At the same time, the United States moved to diversify its supply chains by strengthening trade ties with Southeast Asia. The Trump administration concluded trade agreements with Thailand, Malaysia, Cambodia, and Vietnam, while reaffirming America’s long-term commitment to the region. Two-way trade between the U.S. and Southeast Asia reached a record $453 billion in 2024.

China, meanwhile, has also sought to deepen its economic engagement with the region. At the ASEAN summit in Kuala Lumpur, Beijing signed an upgraded Free Trade Agreement with ASEAN (ACFTA 3.0), reinforcing its position as Southeast Asia’s largest trading partner.

These parallel efforts by both the United States and China have translated into steady economic growth across the ASEAN region. According to Maybank’s ASEAN Macro 2026 Year Ahead report, ASEAN’s economic growth reached 4.8% in 2025, largely unchanged from the previous year. Analysts noted that uncertainty surrounding tariffs has eased, as negotiations with Washington resulted in tariff rates significantly lower than initially threatened.

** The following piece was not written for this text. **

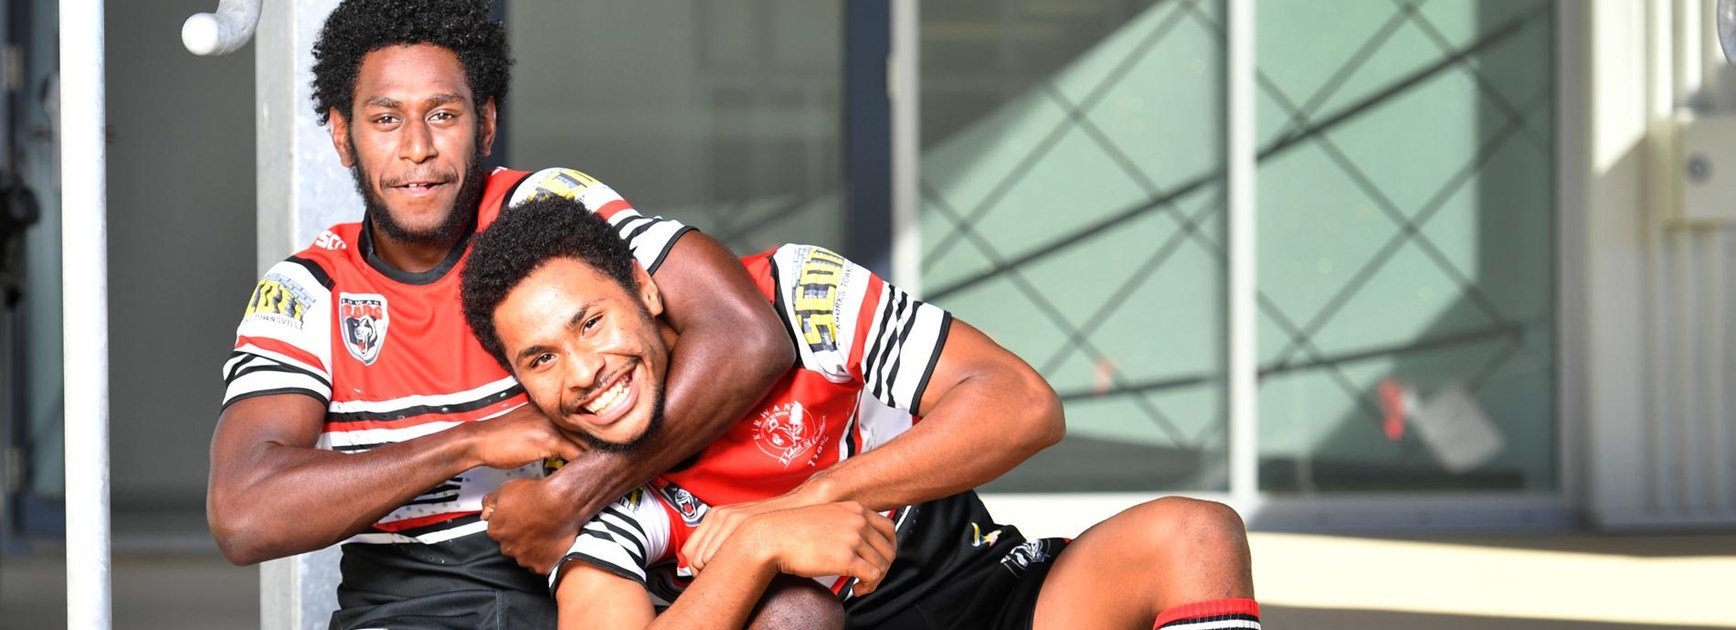 Dudley Dotoi and Ragarive Wavik starred for Kirwan State High School and Townsville Blackhawks in 2021. Photo: supplied
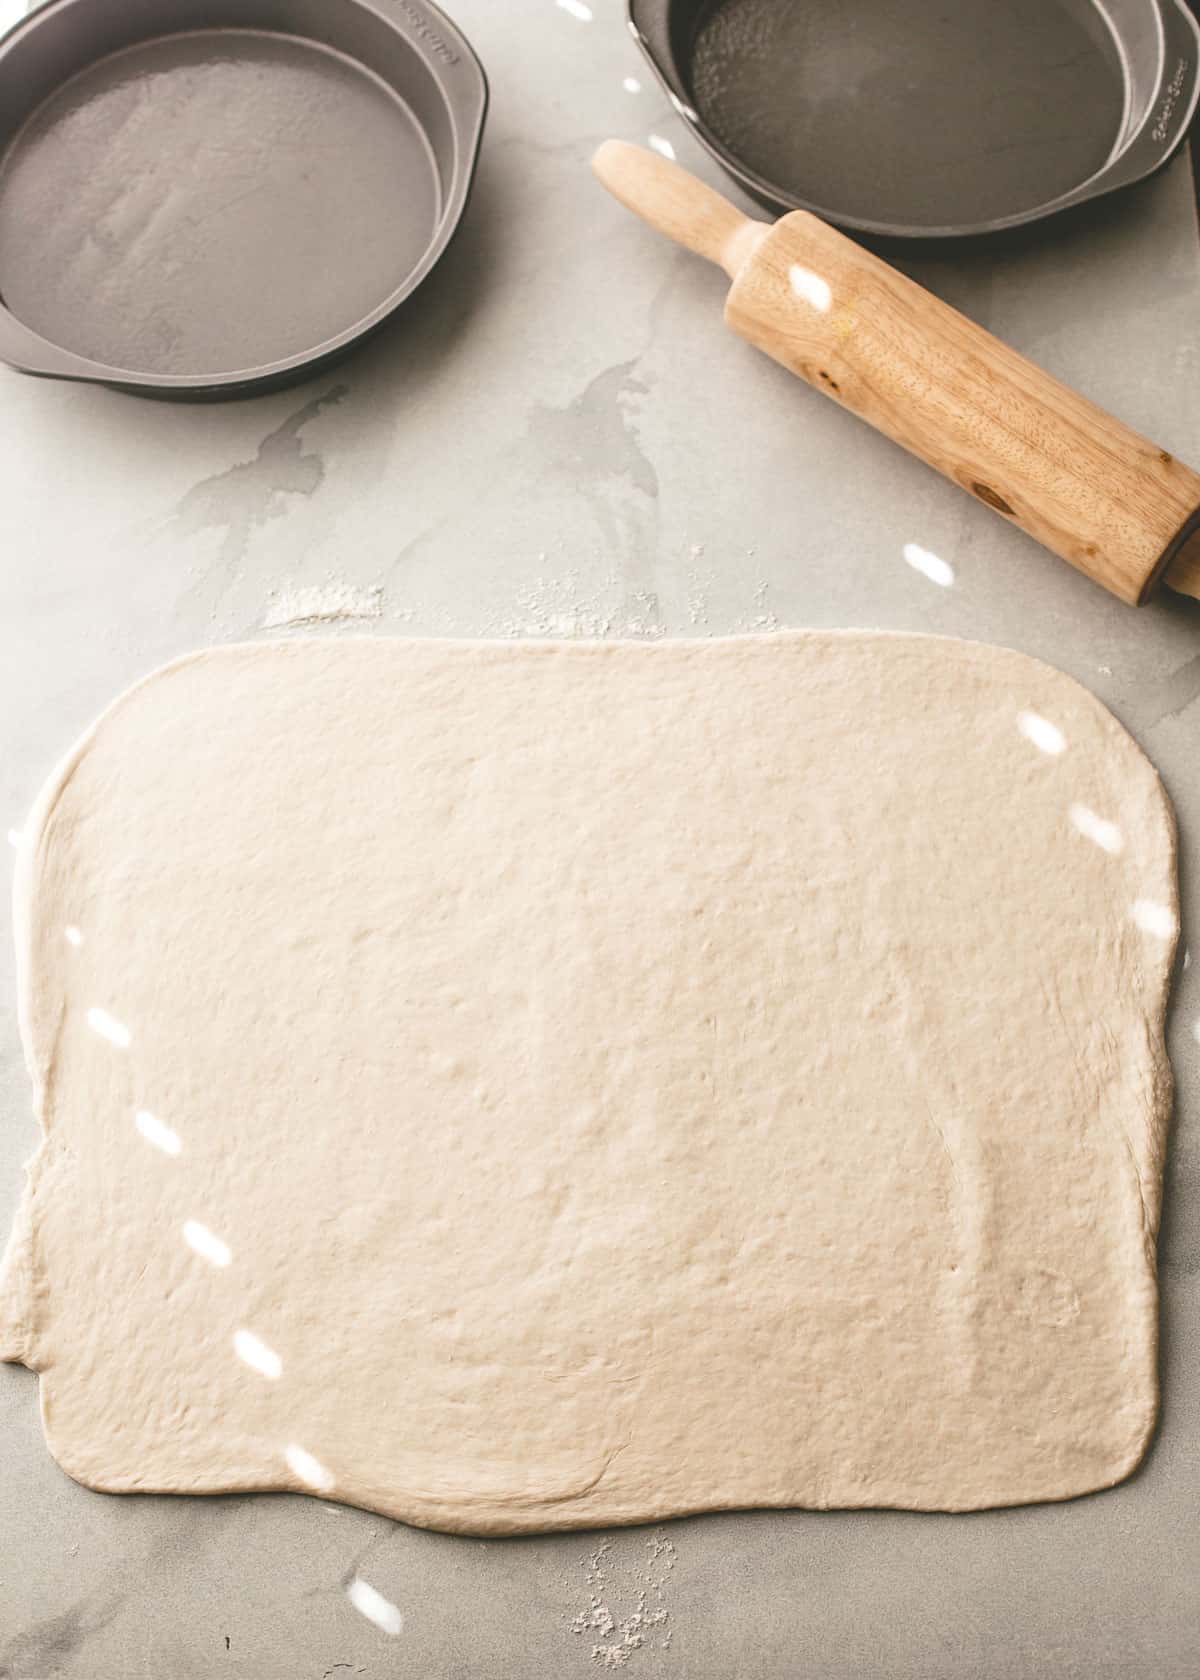 rolling dough out into a rectangle

Furthermore, exemptions granted to key sectors such as electronics, pharmaceuticals, energy, and minerals helped soften the overall impact of U.S. tariffs on Southeast Asian economies.

Overall, the experience of Southeast Asia highlights a broader reality of global trade: while tariffs can alter trade patterns, they do not halt trade altogether. Instead, they accelerate the reconfiguration of supply chains, often creating new opportunities for adaptable economies.